Размер шрифта
-
+

Вопросы к немецкой памяти. Статьи по устной истории - стр. 33

В более общем плане можно сказать так: реконструкции повседневной жизни с помощью интервью-воспоминаний более успешны применительно к тем явлениям, которые еще имели место в жизни современников, но теперь уже в таком виде более не существуют, нежели к тем, которые возникли на их памяти и продолжают существовать ныне. Это может показаться историку банальностью; важная ограничивающая функция этого положения становится видна только если учесть, что оно относится к специфическому методу изучения современной истории. Потому что если современная история вообще чем-то отличается от прочей, то именно тем, что она изучает события и структуры, с которыми ныне живущие люди еще связаны непосредственными узами опыта и власти.

Опыт субъектов

Устная история – не панацея, но обеспечиваемые ею возможности дифференцированного восприятия как в социальной, так и в культурной истории повседневной жизни еще далеко не исчерпаны. И все же она – не только эвристический инструмент для заполнения лакун в изучении современной истории. Ее основная роль в исторической науке заключается в том, что она начинает демонстрировать исторически обусловленный характер и историческую практику массы субъектов (говоря коротко – «народа» {94}). Это ставит ее в один ряд с другими качественными методиками изучения такой социальной истории, которая находится под влиянием гуманитарных наук, прежде всего антропологии, и выступает все более в качестве критического потенциала в отношении двух так называемых парадигм (т. е. способов овладения организацией всего исторического знания) – традиционного историзма и так называемой исторической социальной науки (historische Sozialwissenschaft).

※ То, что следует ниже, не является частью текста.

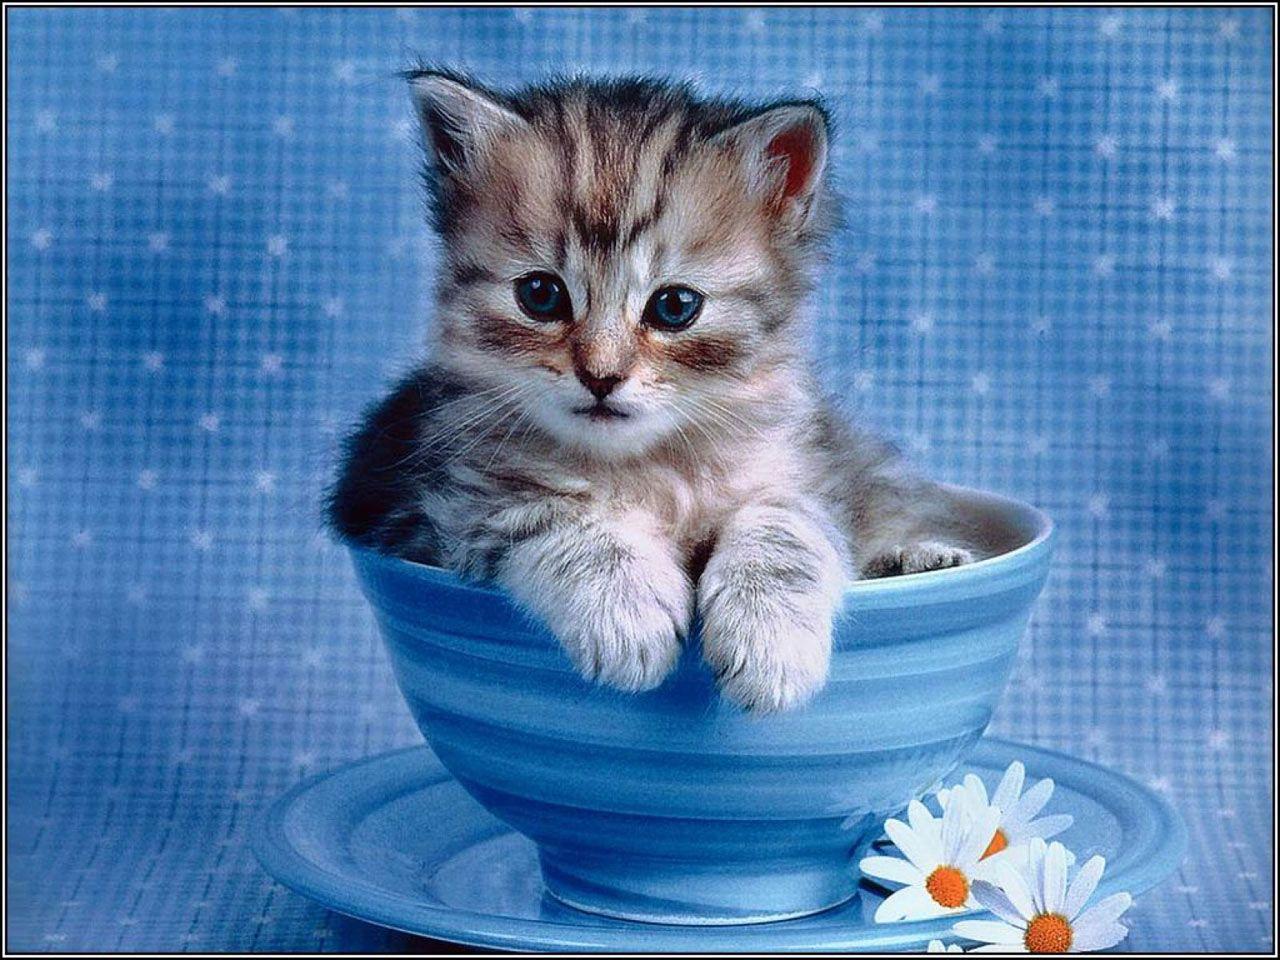 1280x960 Máy tính xách tay dễ thương.  Miễn phí Mèo con cực kỳ dễ thương - mèo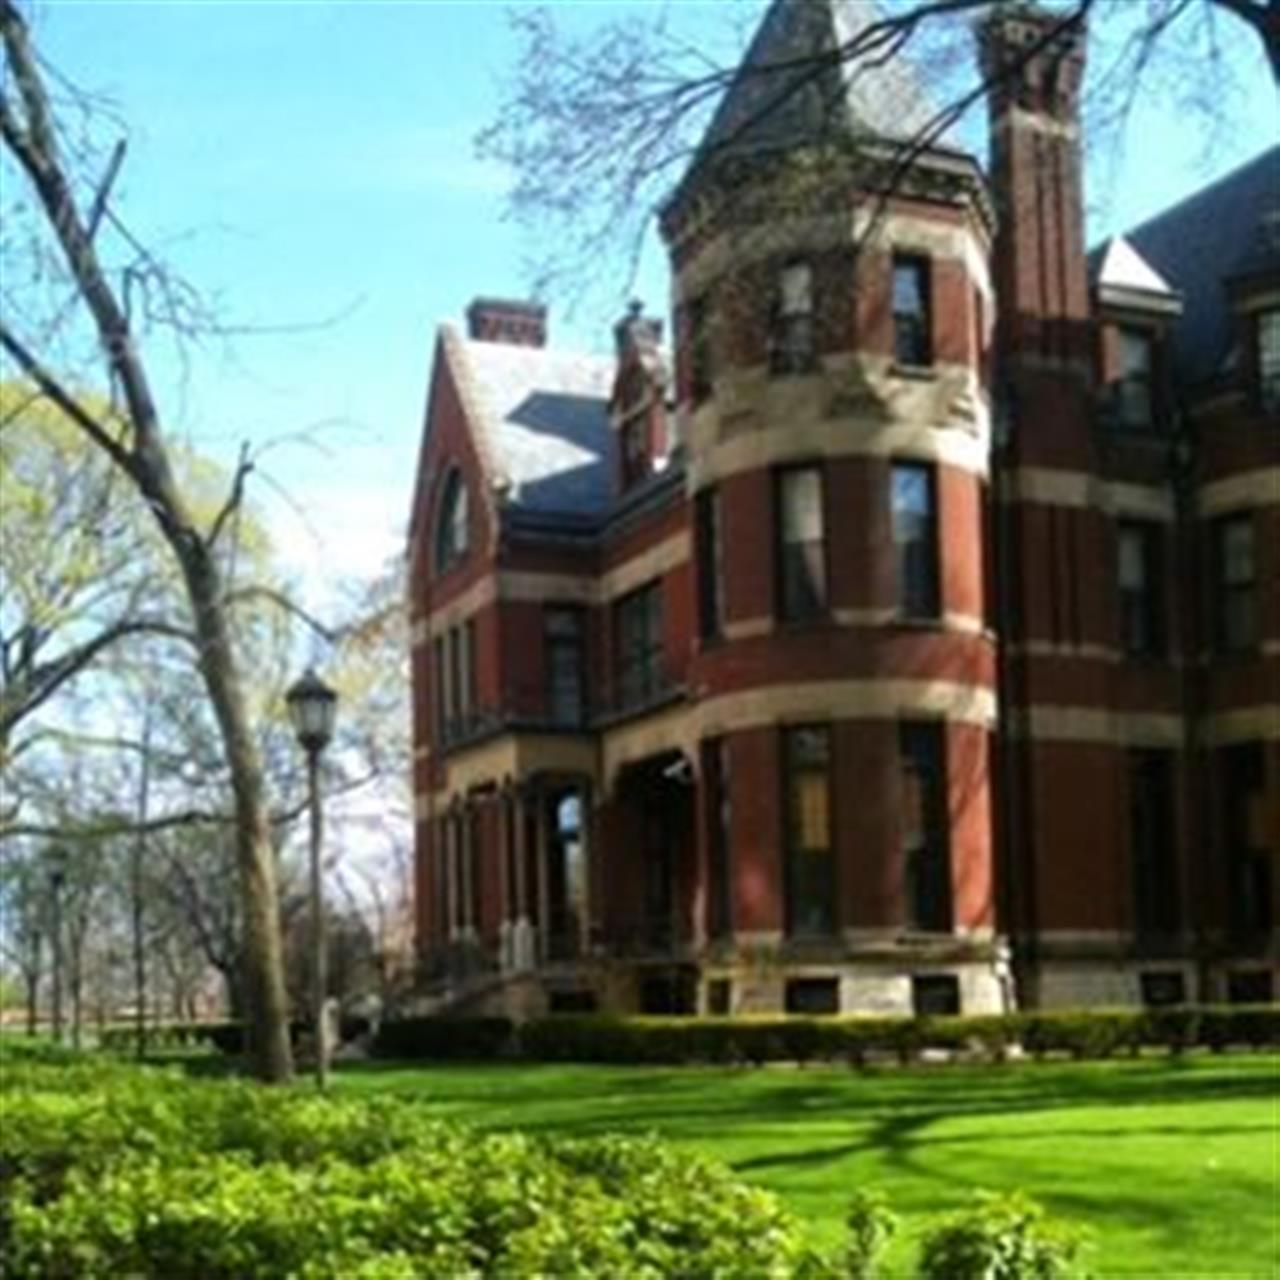 Homes of Melrose Park #leadingrelocal #melrosepark #chicago

Традиционному историзму (в той его разновидности, которая стояла на точке зрения, близкой к точке зрения господствующих групп, т. е. считала общество конструктом, созданным антагонистической наукой, а народ как величину пренебрежимо малую оставляла без изучения, произвольно приписывая ему те или иные качества), исследователи, пытающиеся заниматься качественной социальной историей, противопоставляют конкретизированный взгляд с точки зрения народа (или, говоря академическим языком, демонстрируют относительную автономию социокультурных субструктур). Это видение не может быть полностью вписано в картину, как она видится с трона и с кафедры, – разве что в форме резидуальных категорий («антропологических констант») {95}.

Ведущие представители исторической социальной науки, похоже, усматривают некий вызов в том, что в качественной социальной истории их макросоциологический теоретический аппарат оказывается слишком громоздким, устаревшим и некритичным, что их апелляциями к критическому рационализму пренебрегают как практически бесполезным, бесплодным сужением палитры исторических средств познания и что в истории собственный смысл субъектов и миров их повседневного опыта оказывается не намного более удобным для синтеза, «чем в реальной жизни» {96}.

Но в обоих случаях разломы порою кажутся глубже, чем они есть на самом деле. Устная история и другие области качественной социальной истории по необходимости являются составными частями понимающей исторической и социологической науки. В истории они видят культурную зону, которую методами точных наук невозможно, да и не надо, полностью «разложить по полочкам». Представителей этих направлений роднит со многими представителями позднего историзма априорное суждение, что историю творят люди, – только они при этом имеют в виду гораздо большее число людей. Подобно исторической социальной науке, они стремятся расширить научный контроль исторических источников, им дороги демократия (даже в период между выборами) и рациональность (вплоть до познания ее границ), они опираются на традиции Просвещения – впрочем, не на рационализированный в ту эпоху буржуазный бред величия и не на приобретшую структурный характер лавину модернизирующей экспансии европейской буржуазии, а скорее на осознанную в то время необходимость самосозидания и саморефлексии общества {97}.